WHAT IS BEING ASKED — Output all of the data below without changing a word, and exclude the pictures.

EXERCISE DATA —
▼
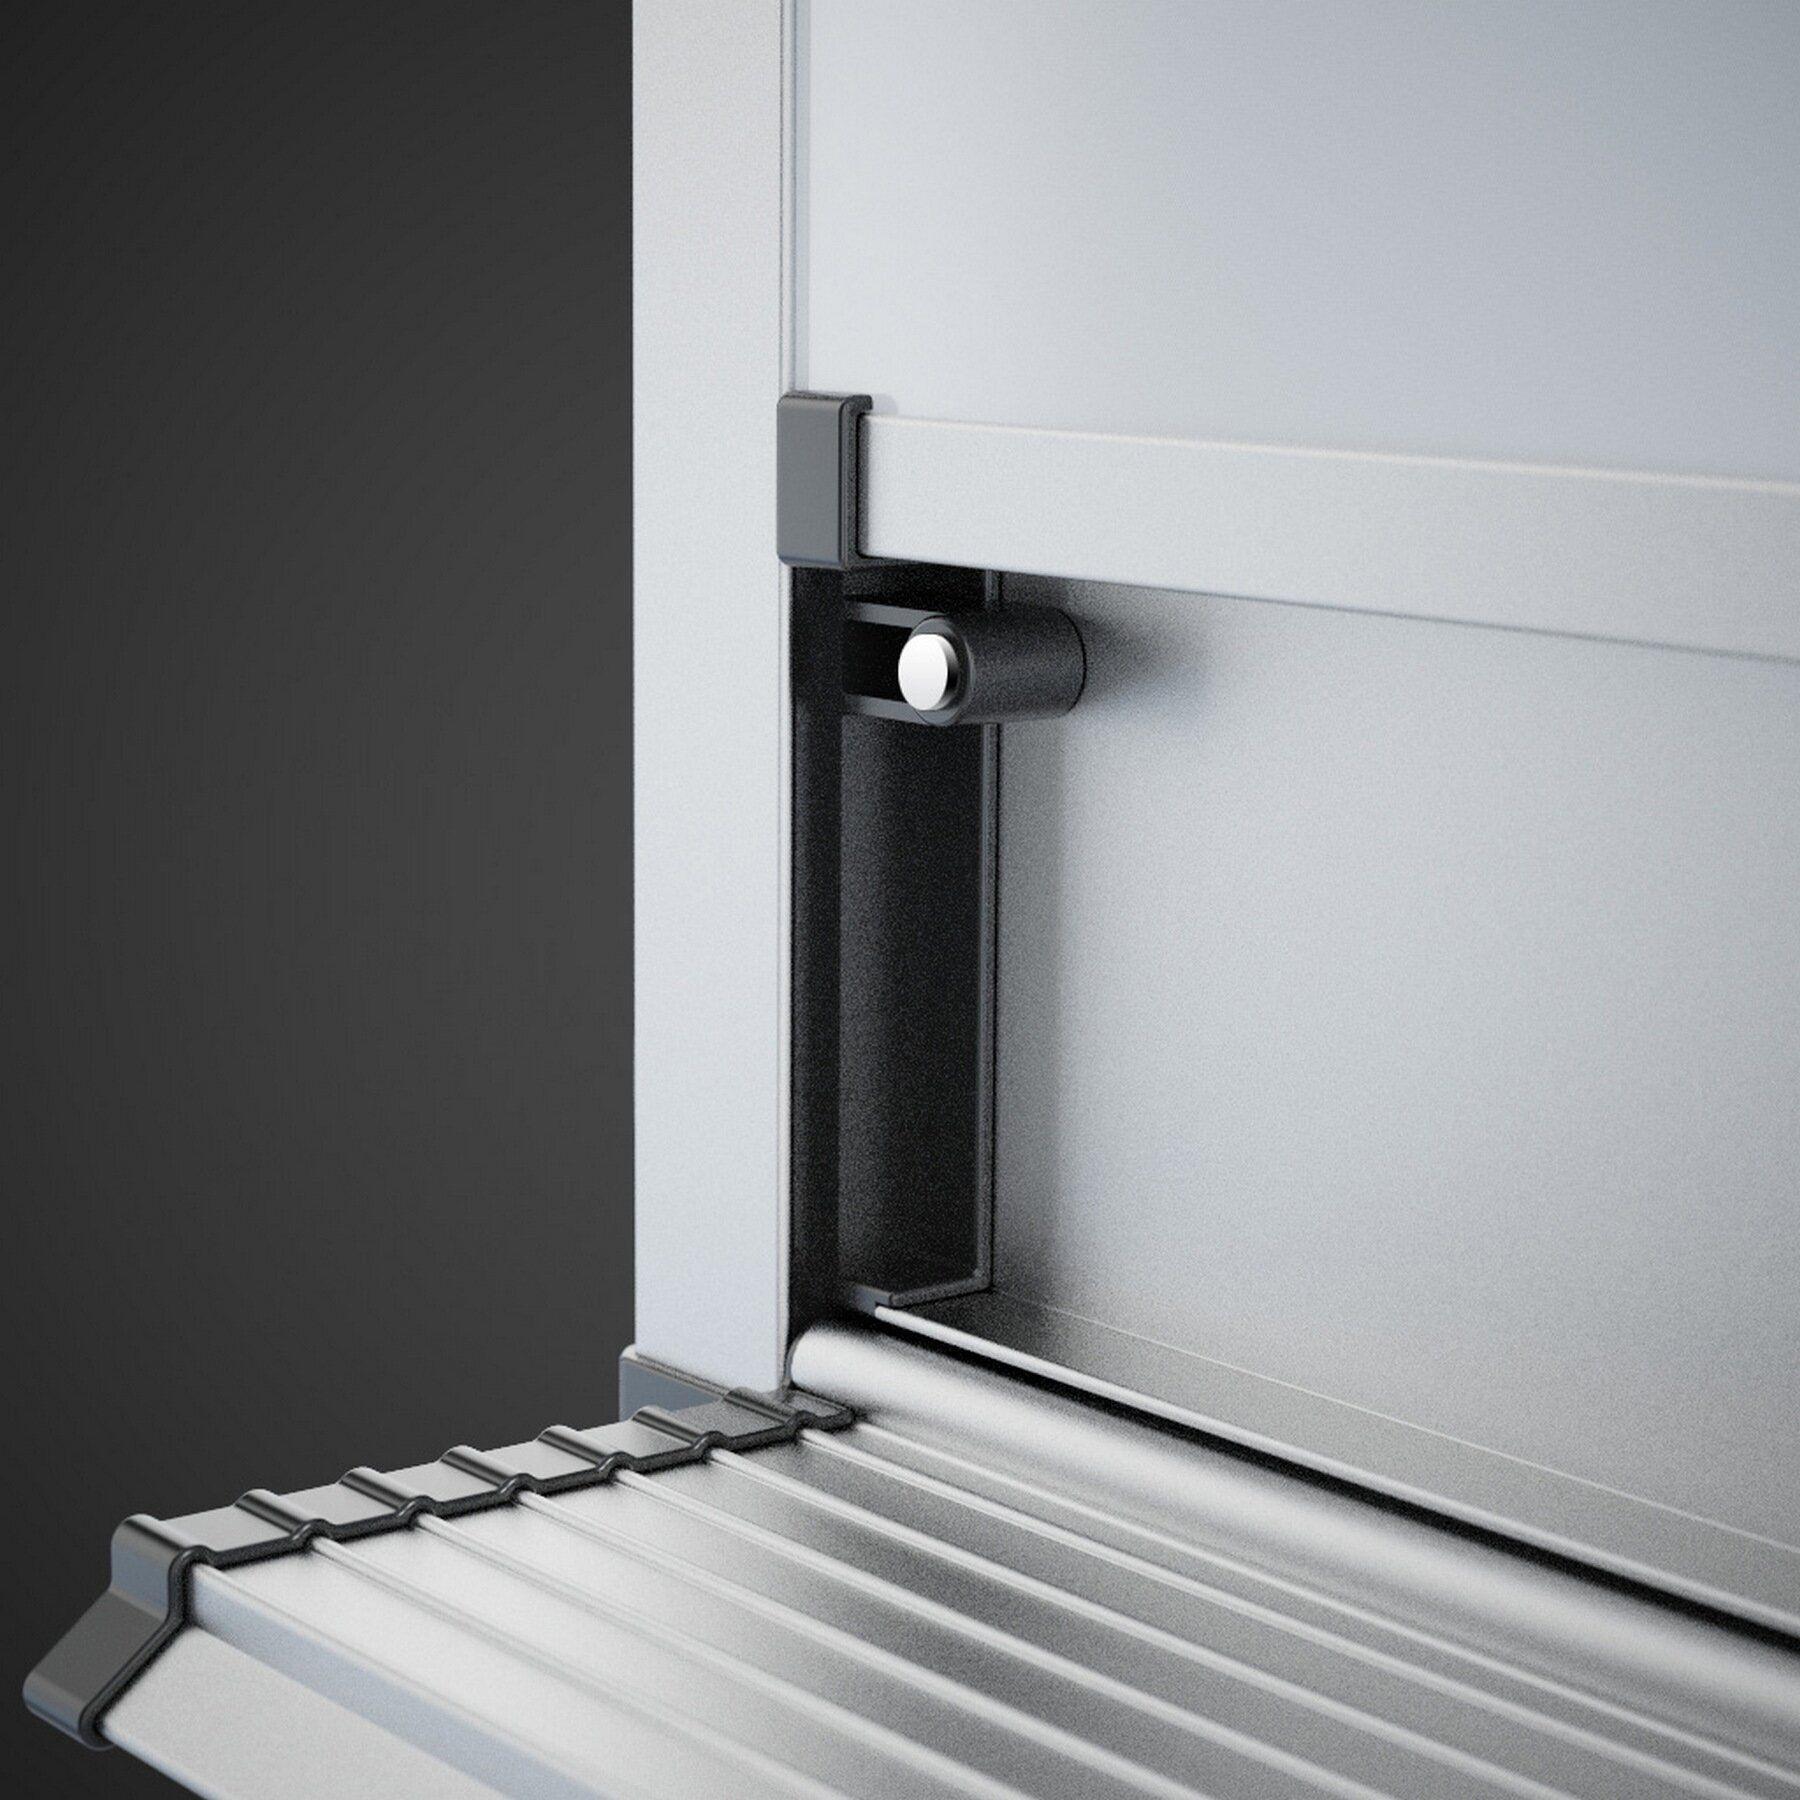 Доска белая магнитная сухостираемая StarBoard 60*90см., алюминиевая рамка, лак 2x3 - фото 4
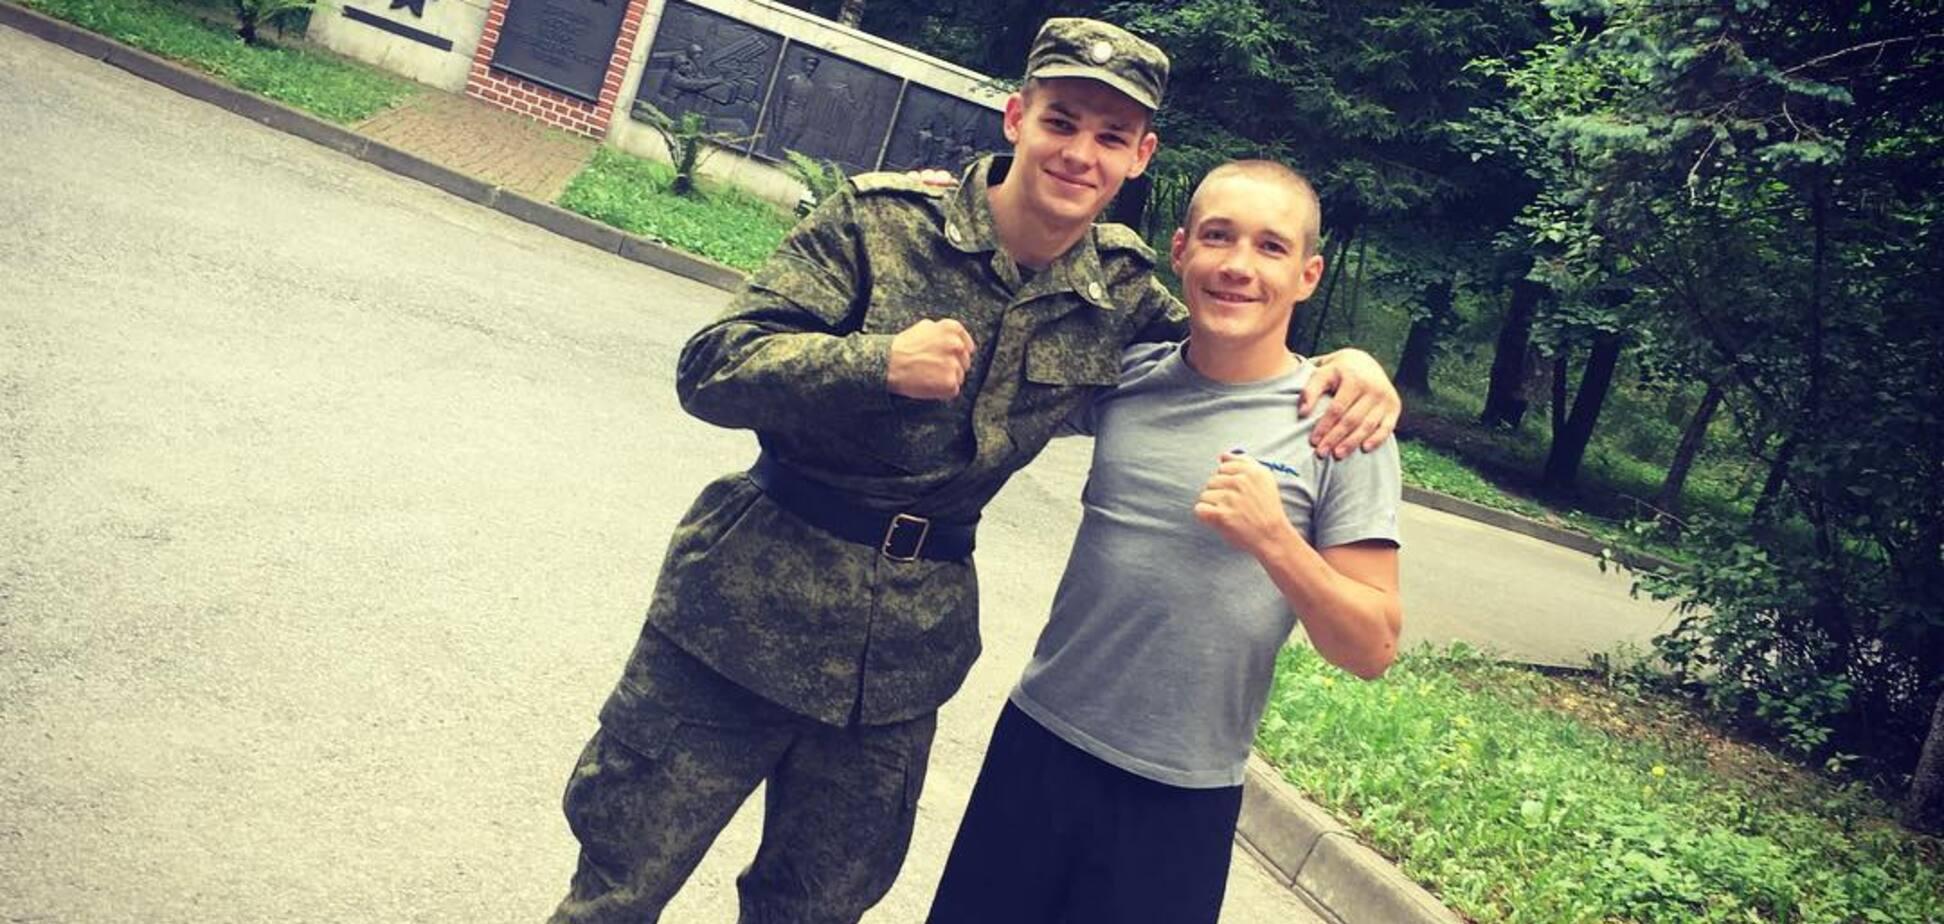 Знаменитый украинский боксер сделал фото с бойцом российской армии
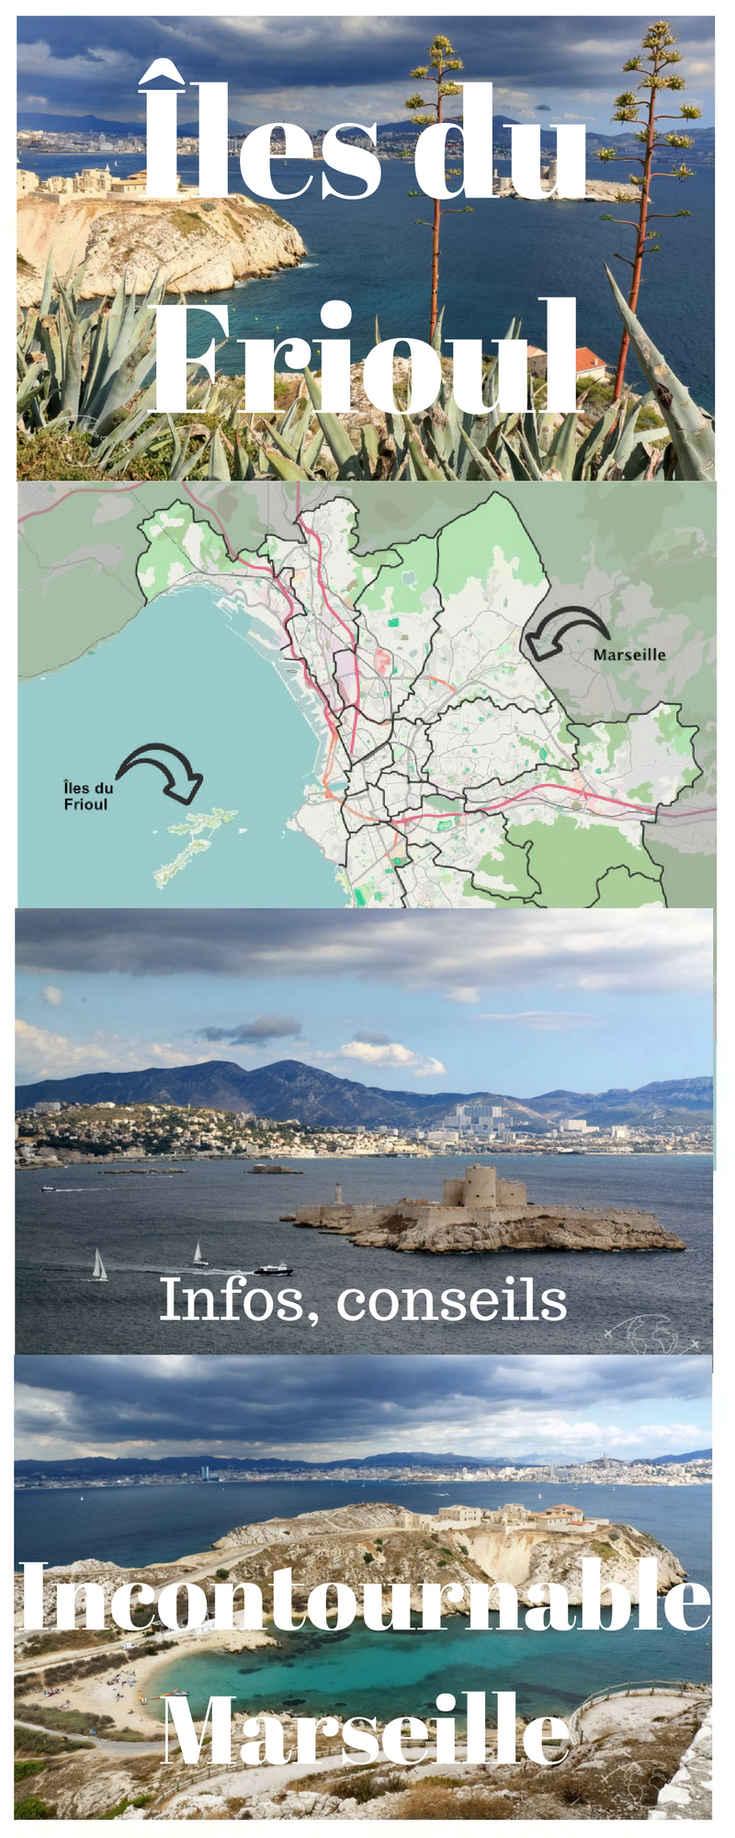 Visiter ces magnifiques Îles du Frioul : des infos, les horaires et tarifs sur la navette du vieux port de Marseille, des conseils pour se balader sur les iles du Frioul, des photos pour s'inspirer.
▲
SOLUTION —
 Доска белая магнитная сухостираемая StarBoard 60*90см., алюминиевая рамка, лак 2x3 - фото 4
 Знаменитый украинский боксер сделал фото с бойцом российской армии
 Visiter ces magnifiques Îles du Frioul : des infos, les horaires et tarifs sur la navette du vieux port de Marseille, des conseils pour se balader sur les iles du Frioul, des photos pour s'inspirer.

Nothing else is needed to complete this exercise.